Prendo un profondo respiro, prima di aprire la porta dell'ufficio.
I due stanno già tranquillamente chiacchierando.
Osservo la figura dell'uomo, così fisicamente simile a me da darmi il voltastomaco. Non appena la signora Gandly mi nota, mio padre si alza in piedi, allisciando con la mano la giacca pregiata. Non un sorriso sul suo volto, caratterizzato solo da pura apatia.
Ma d'altronde, la mia espressione è identica.
"Quindi, Lei è d'accordo a lasciare qui suo figlio per le vacanze?"
Mio padre si schiarisce la voce, prima di proferire parola.
"Se è questo ciò che lui desidera, sì."
Sorrido amareggiato. Come se fossi l'unico a volerlo.
"Allora ho bisogno di una sua firma qui" poi, fissandomi, "Anche la tua, proprio accanto."
Passa una penna stilografica a mio padre, che firma il foglio senza neanche leggere cosa ci sia scritto sopra. Ripeto l'azione, passando poi il tutto alla psicologa.
"Bene, vi lascio un attimo da soli. Quando hai finito, avvertimi. Sono nell'ufficio del dirigente."
Annuisco, mentre la osservo stringere la mano di mio padre, sorridente.
Non appena lascia la stanza, il silenzio cade gelido.

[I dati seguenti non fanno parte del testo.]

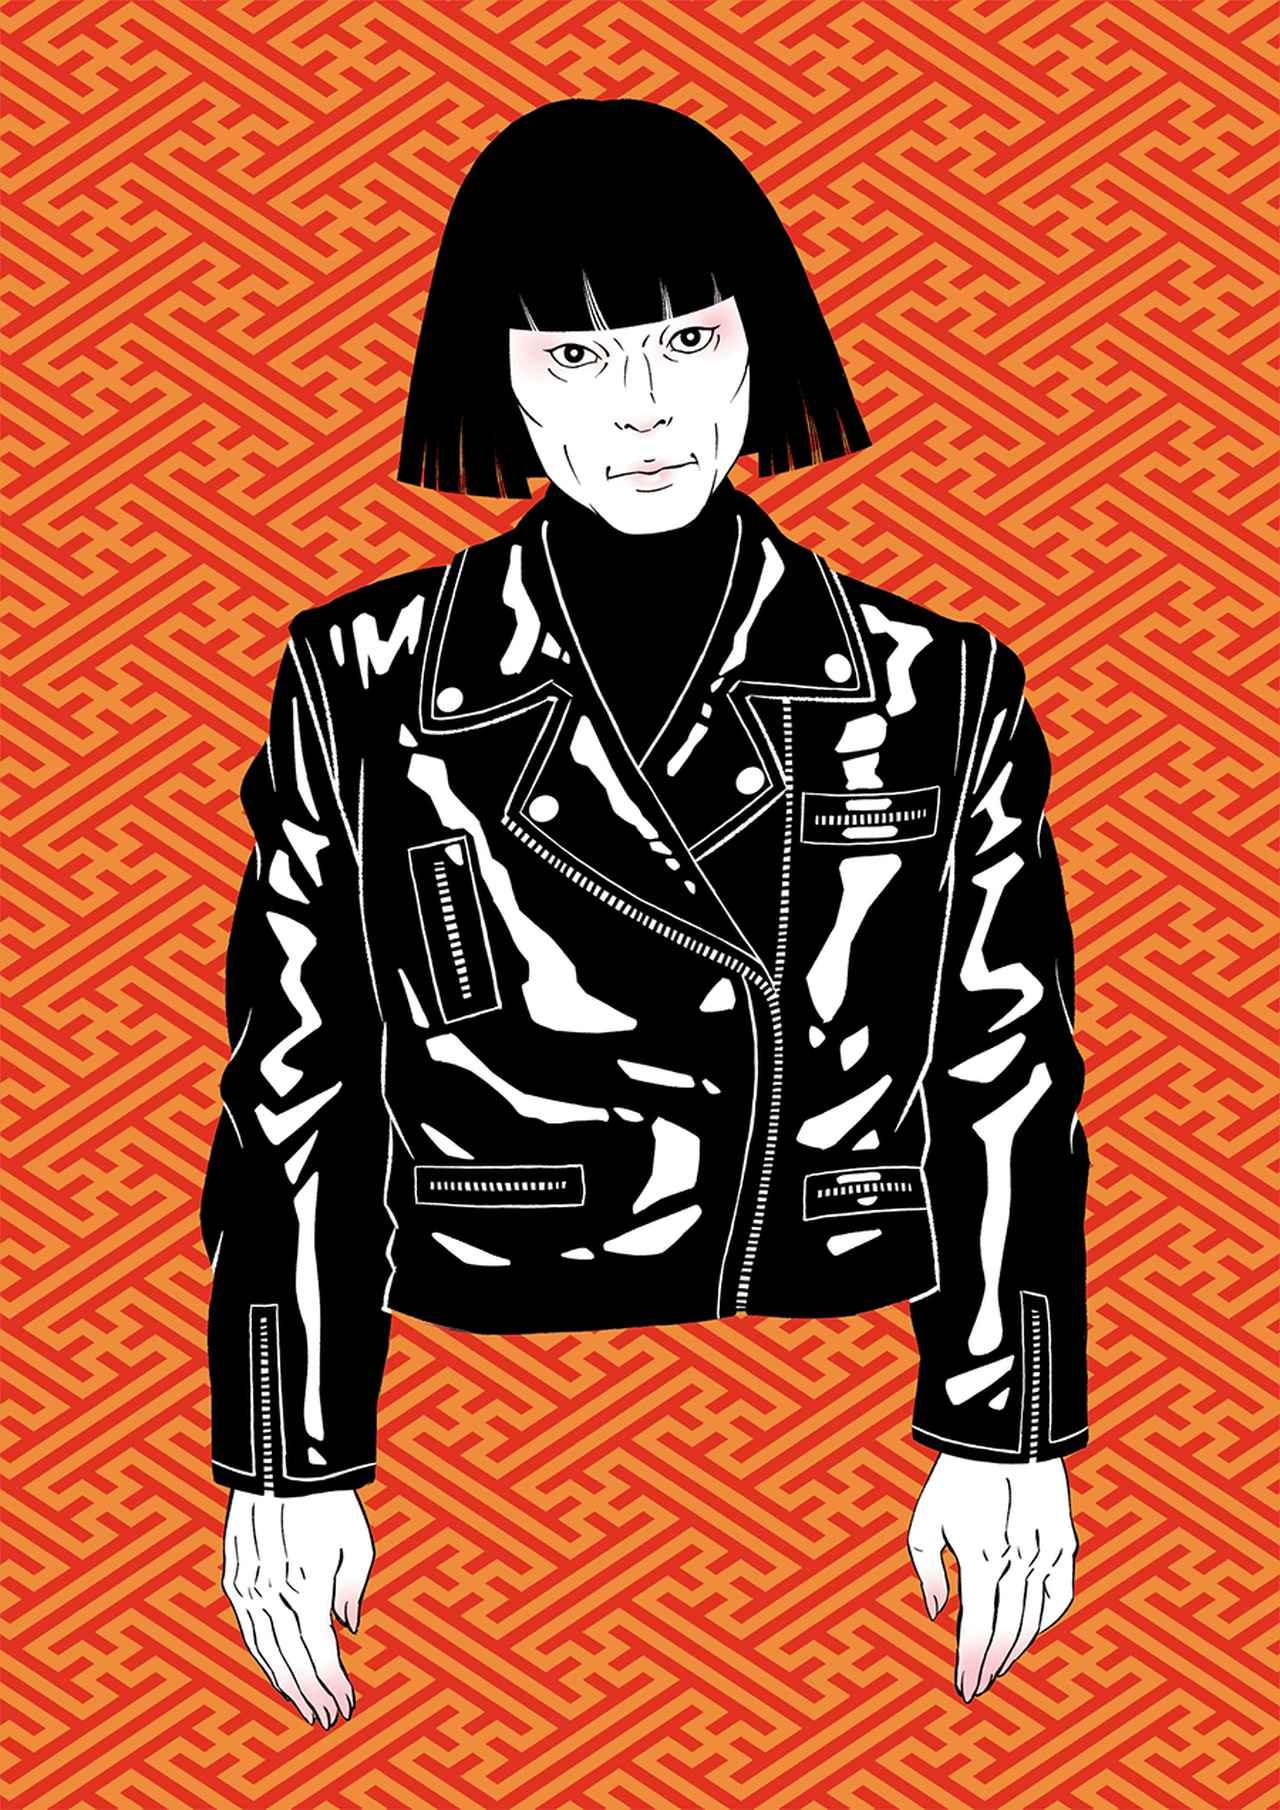 Images : 1番目の画像 - 「川久保 玲ーー ファッションの偉大なる解放者」のアルバム - T JAPAN:The New York Times Style Magazine 公式サイト

Non riesco a guardarlo in faccia, per cui mi concentro su una palla di vetro posata sulla scrivania.
"Quindi, Daniel, come ti trovi qui?"
Che faccia tosta!
"Bene. Tu?"
Incrocia le gambe, prima di rispondere.
"Bene. Partirò per le Bahamas dopodomani, quindi se chiamerai nel numero di casa, probabilmente non ci troverò nessuno."
E cosa me lo dice a fare? Dopotutto, nelle settimane in cui sono stato qui, non ho mai ricevuto una chiamata. Né ne ho fatte io.
Quando capisce che non accenno a commentare, sospira, quasi scocciato. Poi si rimette in piedi.
"In caso ti chiamo io." Afferma, quasi stesse dicendo la verità.
"Buone vacanze." Gli auguro, poi esco dall'ufficio, lasciandomelo alle spalle.
Inizio a camminare per il corridoio, la testa pesante, cercando l'ufficio del direttore.
Non appena lo identifico tramite una targhetta posta sulla porta, faccio per bussare, ma ciò che vedo mi lascia incredulo.
Dalla porta semichiusa vedo la signora Gandly baciare il padre di Chris.
Oh Cristo.Faccio per bussare alla porta della camera, ma Chris mi anticipa, aprendola.
"Hey."
"Ciao." Lo saluto, entrando dentro e togliendomi le scarpe.
"Allora, com'è andata?"
Mi butto sul letto, osservando il soffitto.
"Bene. Ovviamente ha acconsentito. Non si sarebbe fatto perdere di certo un occasione del genere per non avermi tra i piedi."
Lui si avvicina, sedendosi a sua volta sul materasso.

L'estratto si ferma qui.